Things I didn't care for:
One of the central characters, and the one who's situation Blackie has been charged with fixing, is less than sympathetic. She's supposed to be this strong, admirable woman, beloved by all of Seville, but I thought she was rather wishy-washy. Confident in business situations, she's a complete hand-wringer when it comes to her personal life. Possibly the ensuing angst is a cultural thing, but I found myself thinking "do it or don't do it, but make up your mind and get it over with." That said, it's entirely a personal opinion and may well be the kind of drama other people enjoy.
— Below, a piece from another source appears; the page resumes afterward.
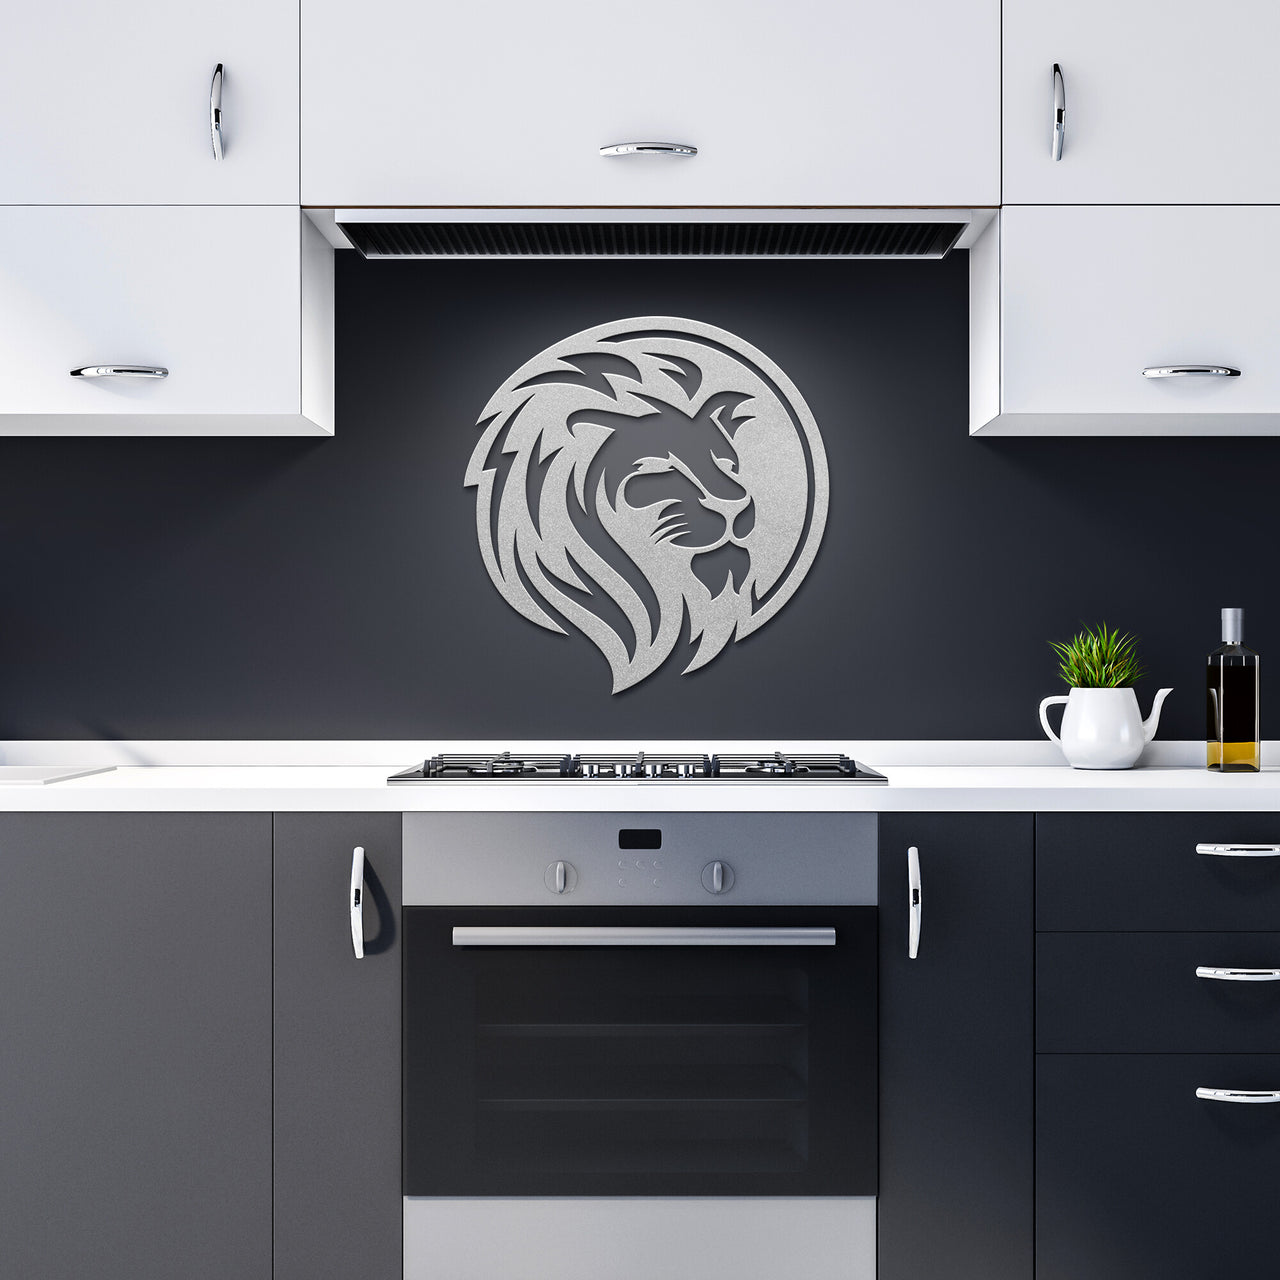 lion-logo-91

Some of the secondary characters were a bit flat. While Greeley can be very good with some characters, I found Blackie's nephew and his fiance to be lacking in personality altogether. They were in the last book, too, and in fact met during the course of that book. But in this one, they were just there being such garshed darn nice young Americans that they made white bread look exciting. Also, their presence didn't seem to serve any purpose and wasn't, to my mind, adequately explained. Blackie could have been conversing with a brick wall in some of the scenes, and at least the wall would have lent texture.
Overall, the book was a pleasant read. I wouldn't rush out and recommend it everyone I meet, but I didn't throw it against the wall either.
*In case you decide to read it and start worrying, let me just say now that it does have a happy ending.